There was a problem hiding this comment.
It's more to do with avoiding unintended misconfiguration: yes, it is used by all roles, but it is only relevant if the resource has a worker role defined in the first place. It's easier to overlook inconsistencies if the dependency is less obvious.
There was a problem hiding this comment.
By that logic, why is the metadata database clusterConfig (only the webserver needs it)? Or any authorization/authentication in many cases? We might need it in the future and this is clearly "clusterWide" configuration.
As said, i think it is just plain wrong in Airflow (or at least bad design). The clusterConfig is exactly there to avoid having to cross reference stuff between "siblings". It is a bad practice in programming and bad API design because you introduce in-transparency where not needed.
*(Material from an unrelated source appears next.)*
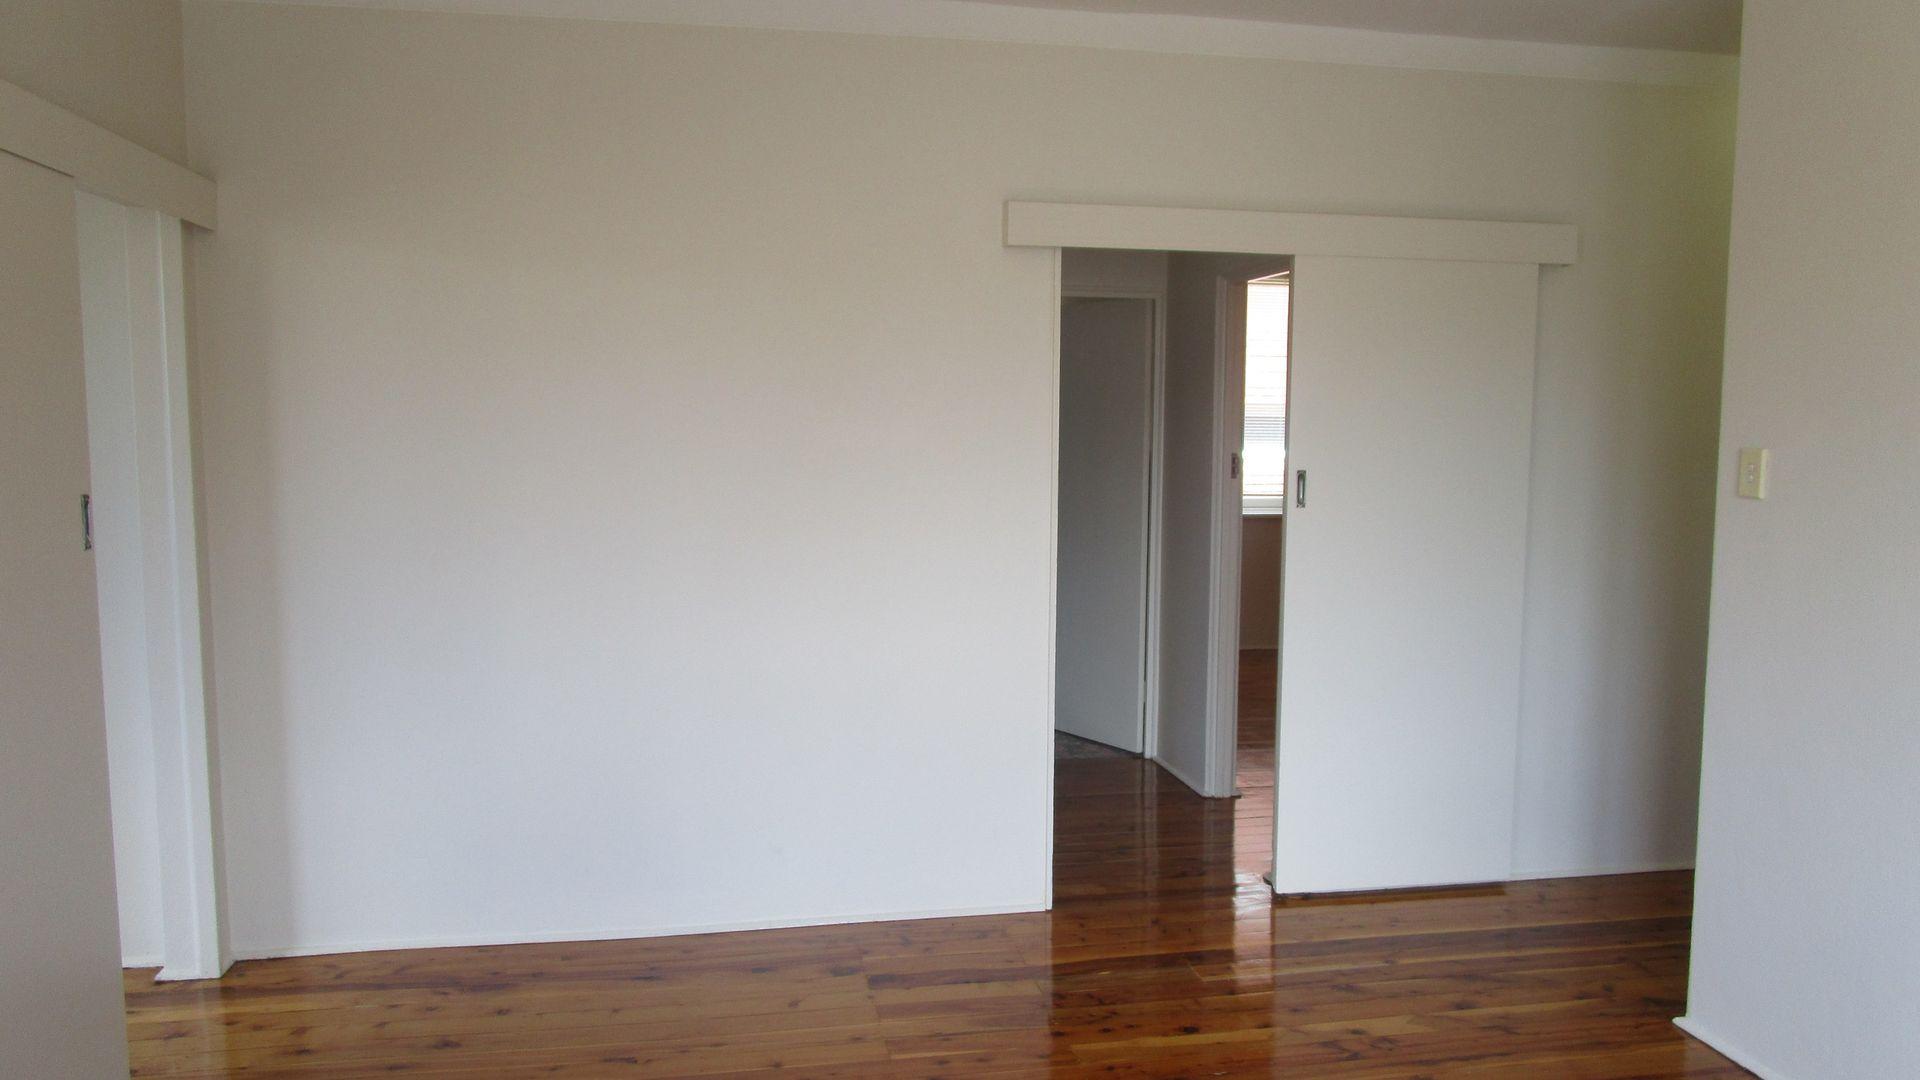 4/10 Elsmere Street, Kensington NSW 2033, Image 1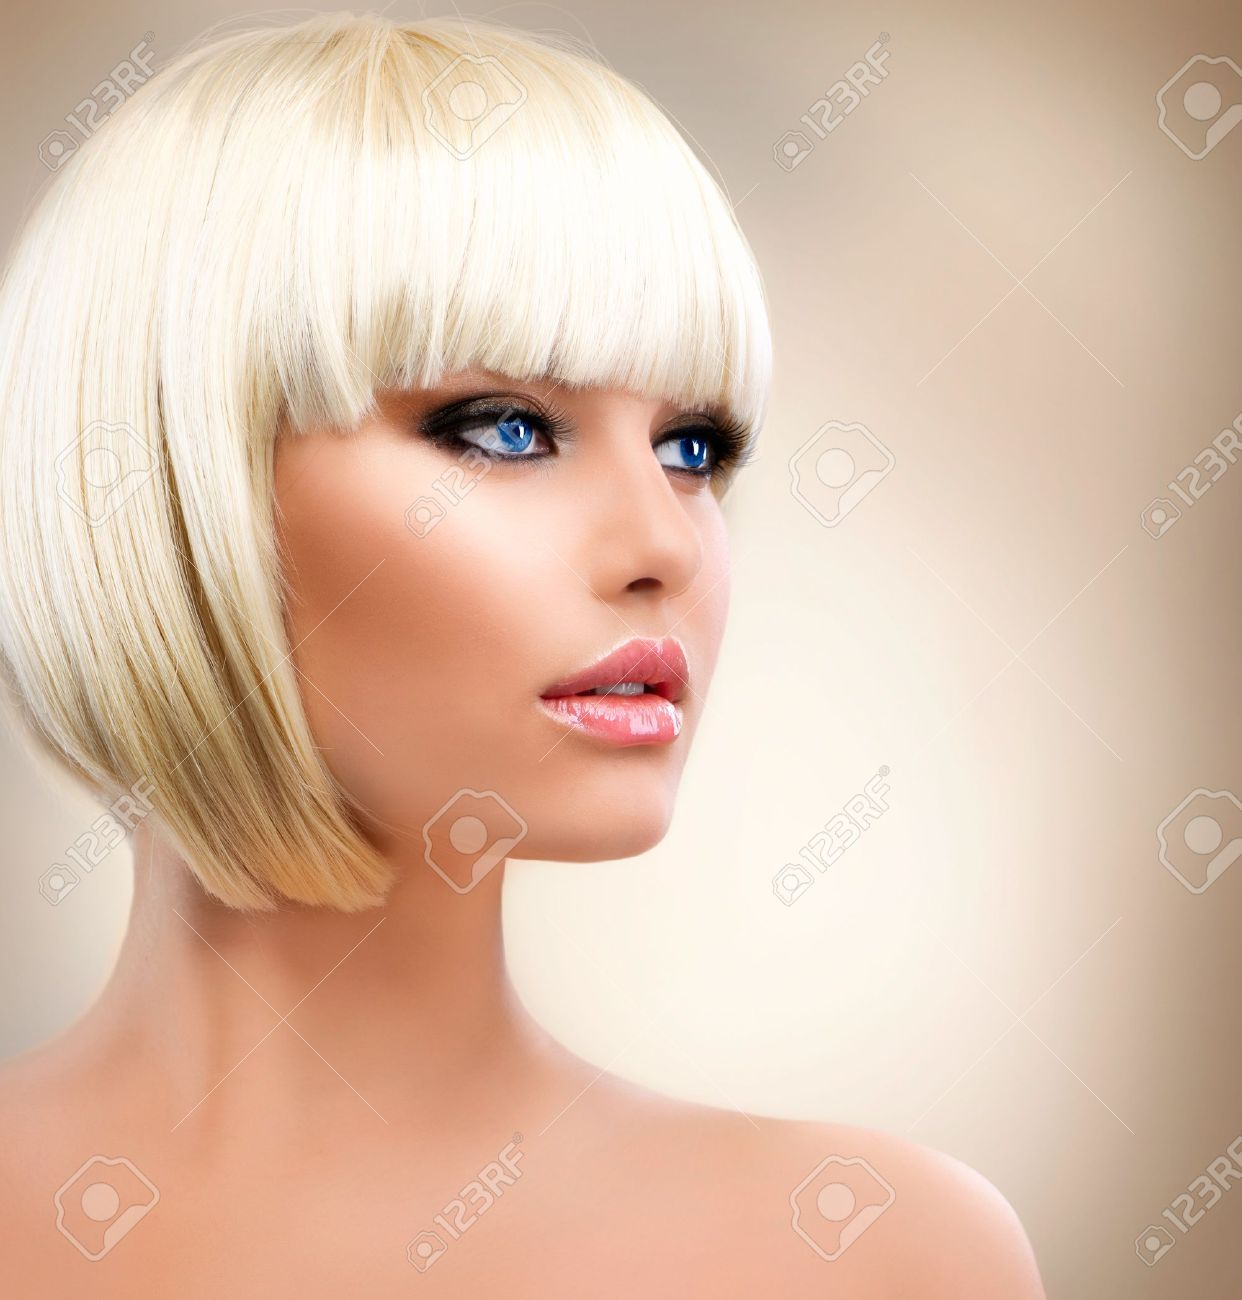 Blonde Girl Portrait  Blond Hair  Hairstyle  Stylish Make-up Stock Photo - 14646695

There was a problem hiding this comment.
Why is it bad design to have a section of config - that is only relevant to an optional role - defined as part of that role? Apart from opensearch (which is different in many ways), I can only think of Airflow (kubernetes vs. celery executors), Kafka (optional controller role) and Superset (optional worker/beat roles) where we have that in the platform. Do we have other operators where we include things under clusterconfig only for optional roles?
There was a problem hiding this comment.
By that logic, why is the metadata database clusterConfig (only the webserver needs it)
The difference here is that the webserver role is not optional.
There was a problem hiding this comment.
It is a bad design because the assumption that it is only relevant to an optional role is wrong.
Once the role is defined, it is relevant to ALL roles.
A webserver role should not be concerned with anything in the worker role. If it needs anything from the worker, this is already a clear sign that the API design is bad :-)
There was a problem hiding this comment.
By that logic, why is the metadata database clusterConfig (only the webserver needs it)
The difference here is that the webserver role is not optional.
Well, then even more points to put it into its own role...?
| /// | ||
| /// Ignored otherwise. | ||
| #[serde(skip_serializing_if = "Option::is_none")] | ||
| pub celery_results_backend: Option<CeleryResultsBackendConnection>, |
There was a problem hiding this comment.
See other comment: in airflow this is part of the worker
|
Openshift tests 🟢 https://testing.stackable.tech/view/02%20Operator%20Tests%20(custom)/job/superset-operator-it-custom/45/ We will bring up the CR open question in the planning meeting. |
Description
Added two new roles.
workerandbeat(max 1 replica).Currently, RESULTS_BACKEND only supports Redis, no S3 support.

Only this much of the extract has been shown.